With the pictures omitted, repeat exactly the lines below starting with the line that has "картинки для рабочего" and going on through the line that has "Lecture notes, Lecture".

··· Material provided ···

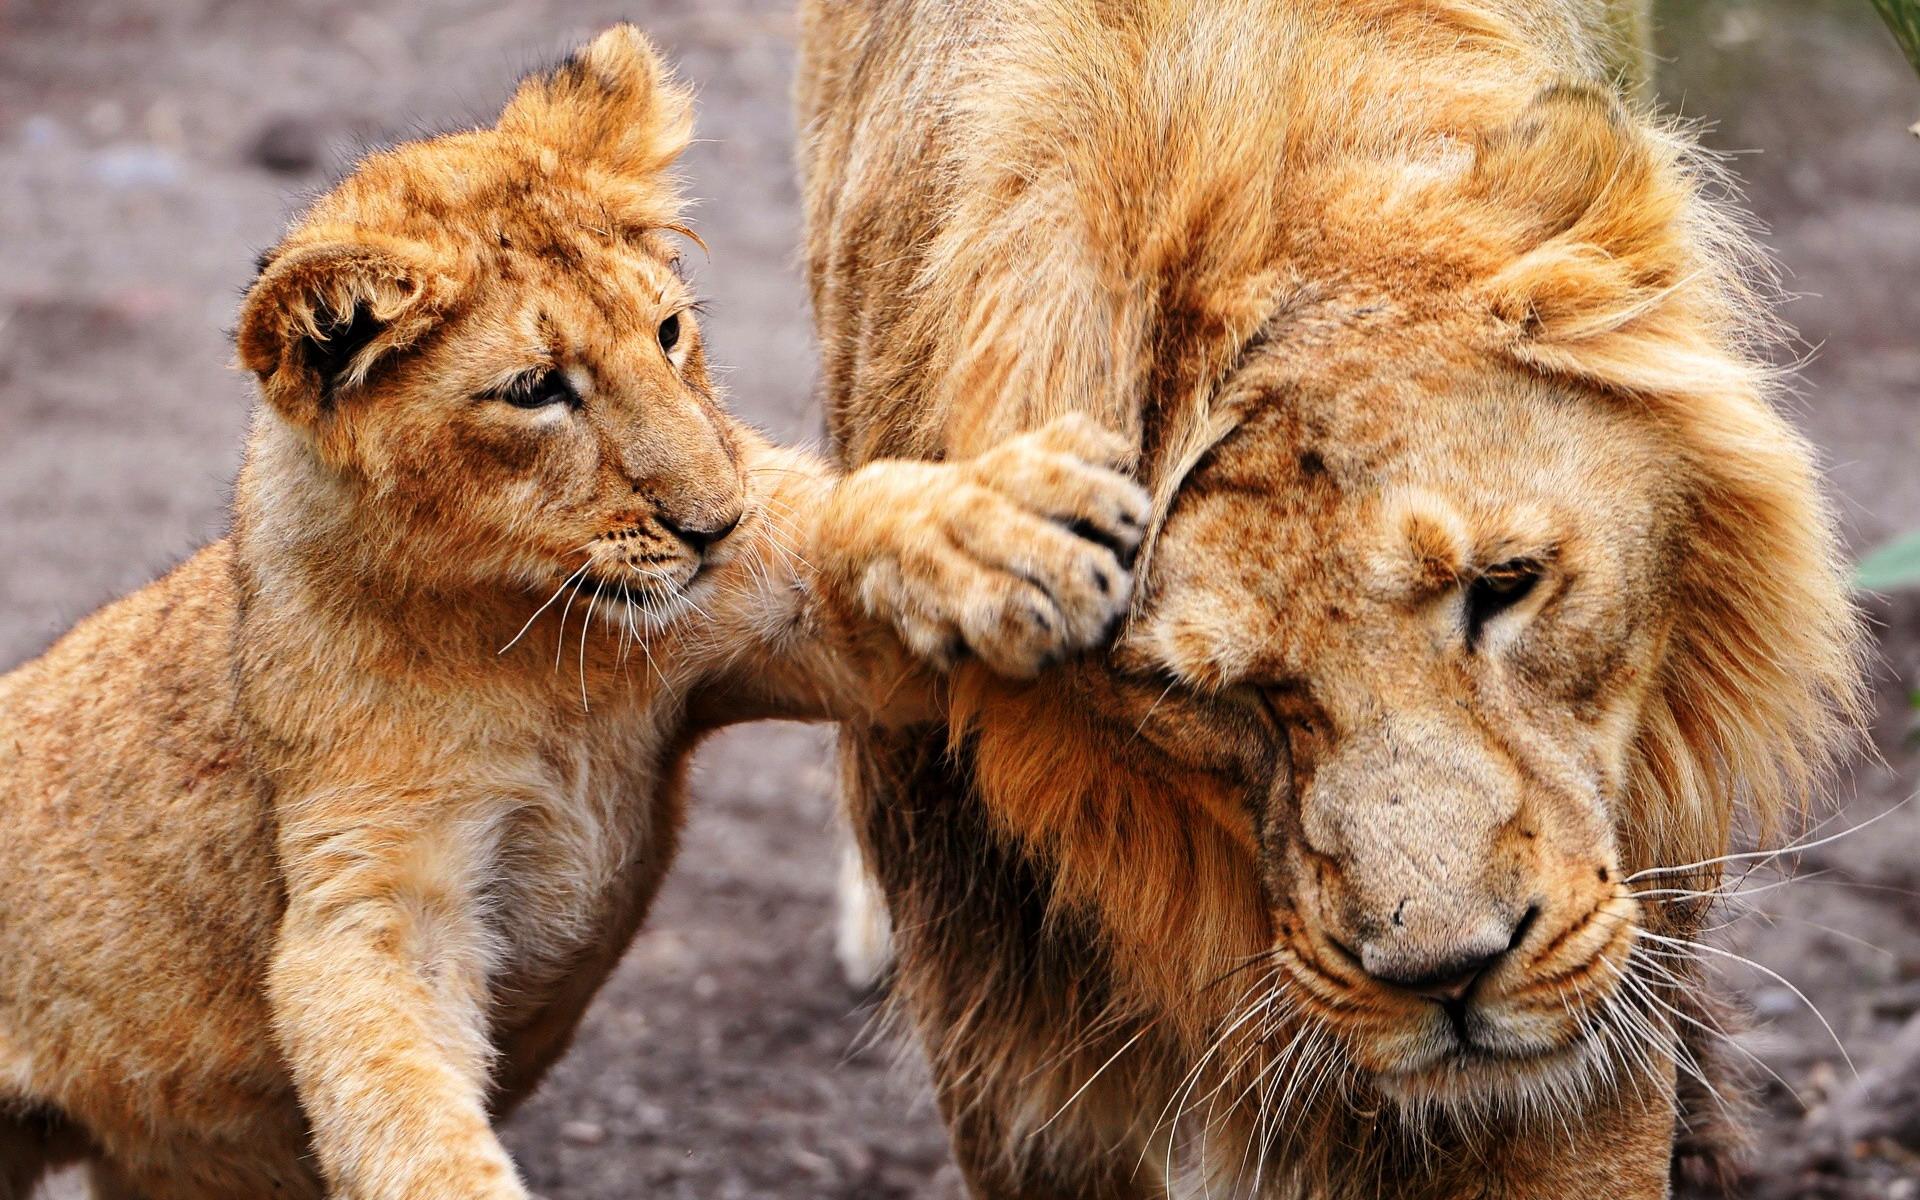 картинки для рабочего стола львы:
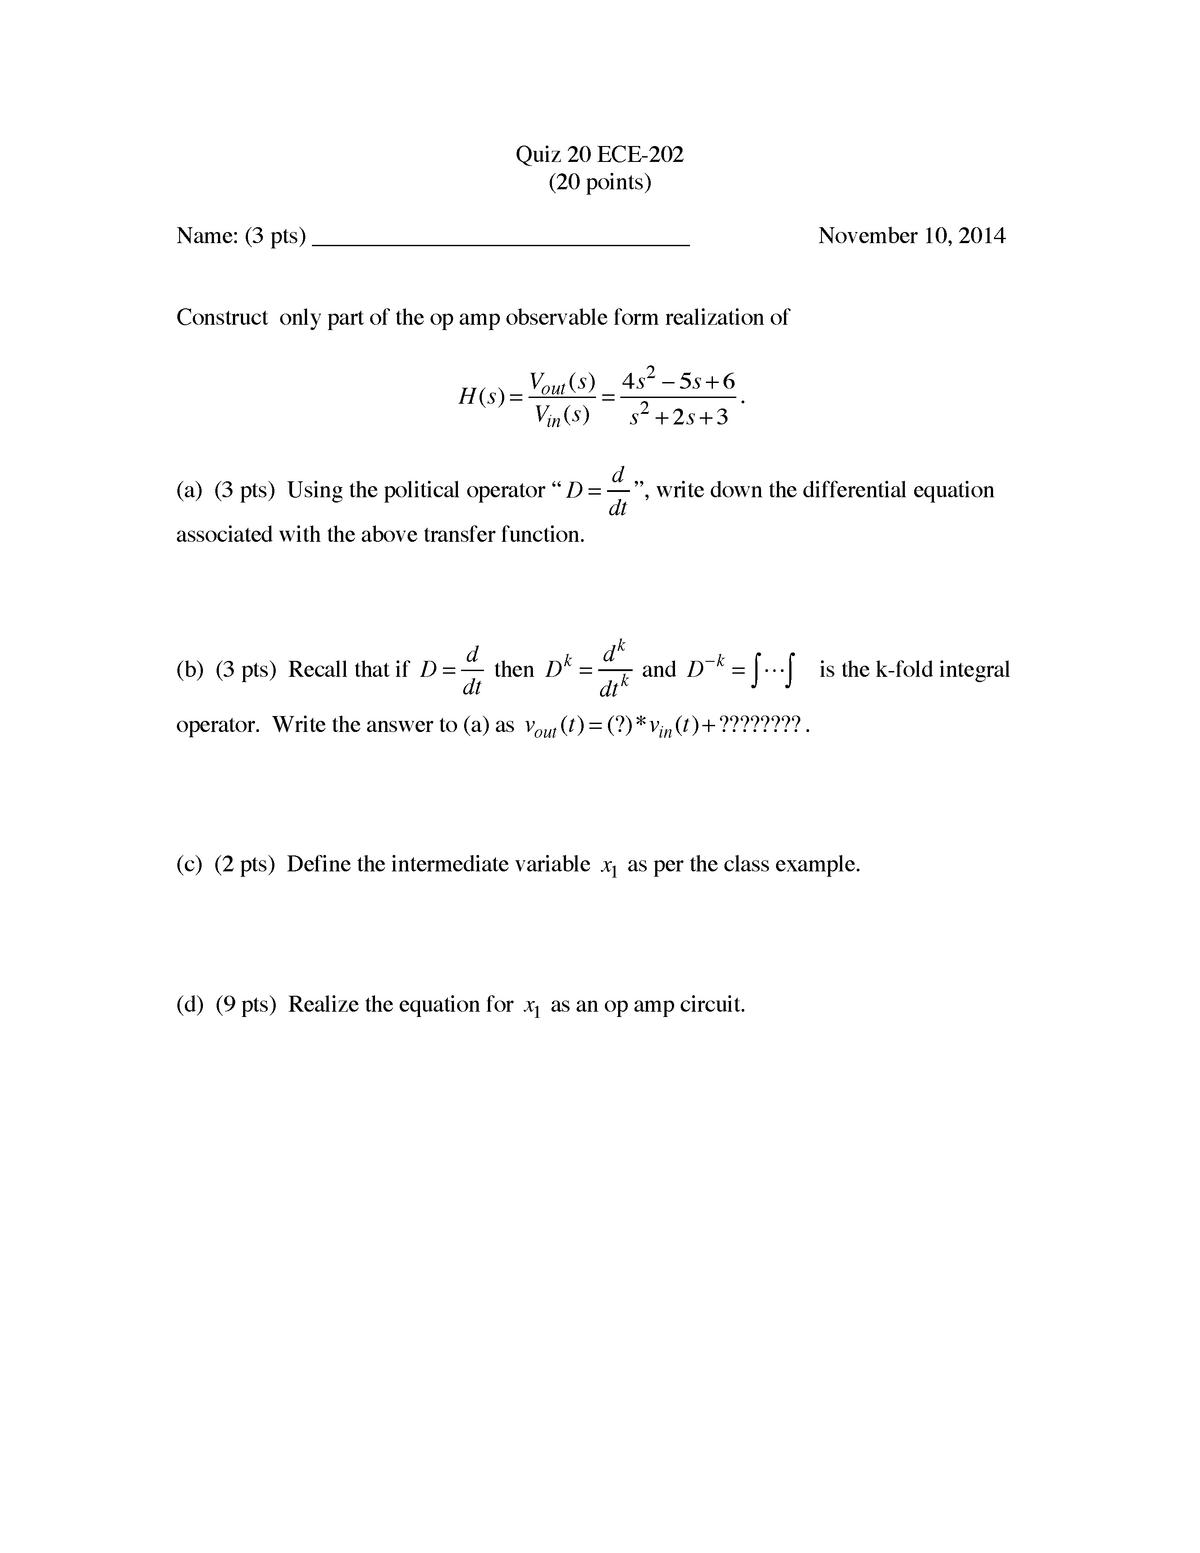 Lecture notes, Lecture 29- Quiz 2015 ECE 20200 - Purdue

···
··· Material provided ···

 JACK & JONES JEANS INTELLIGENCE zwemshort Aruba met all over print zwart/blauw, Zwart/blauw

···
··· Material provided ···

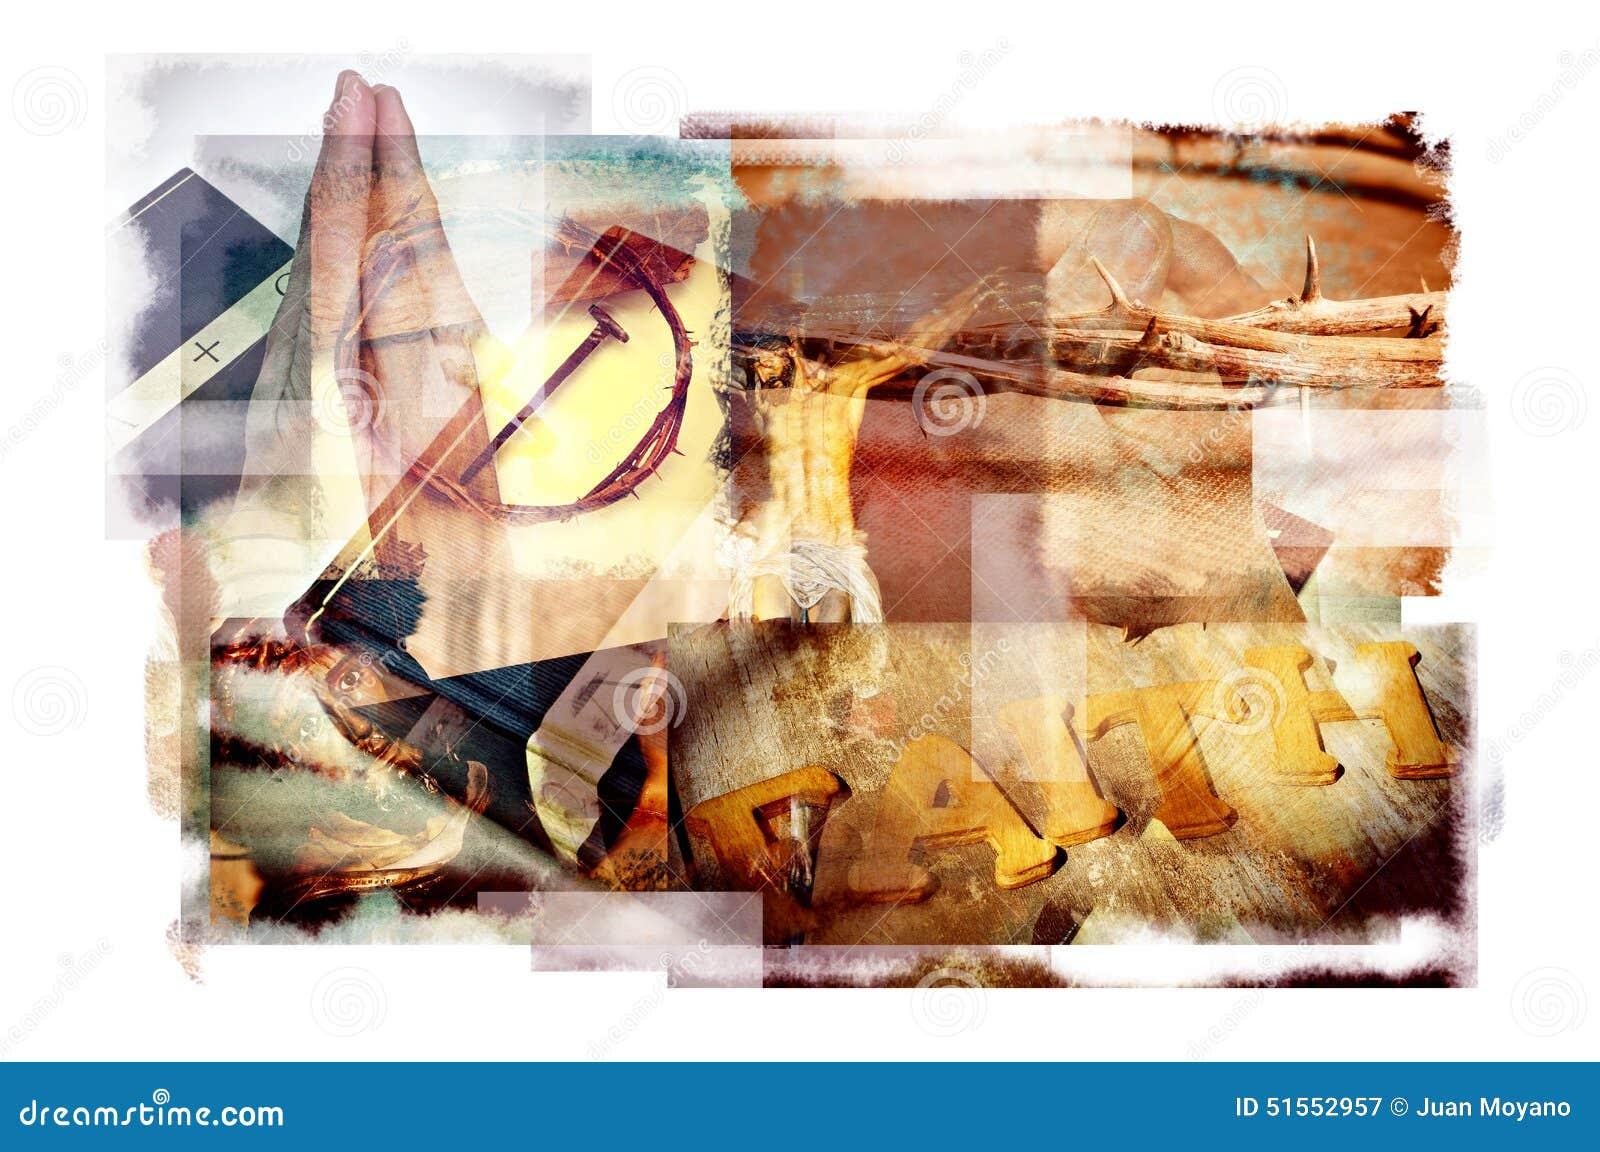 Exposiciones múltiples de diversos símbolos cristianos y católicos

···

Answer to the problem:
 картинки для рабочего стола львы:
 Lecture notes, Lecture 29- Quiz 2015 ECE 20200 - Purdue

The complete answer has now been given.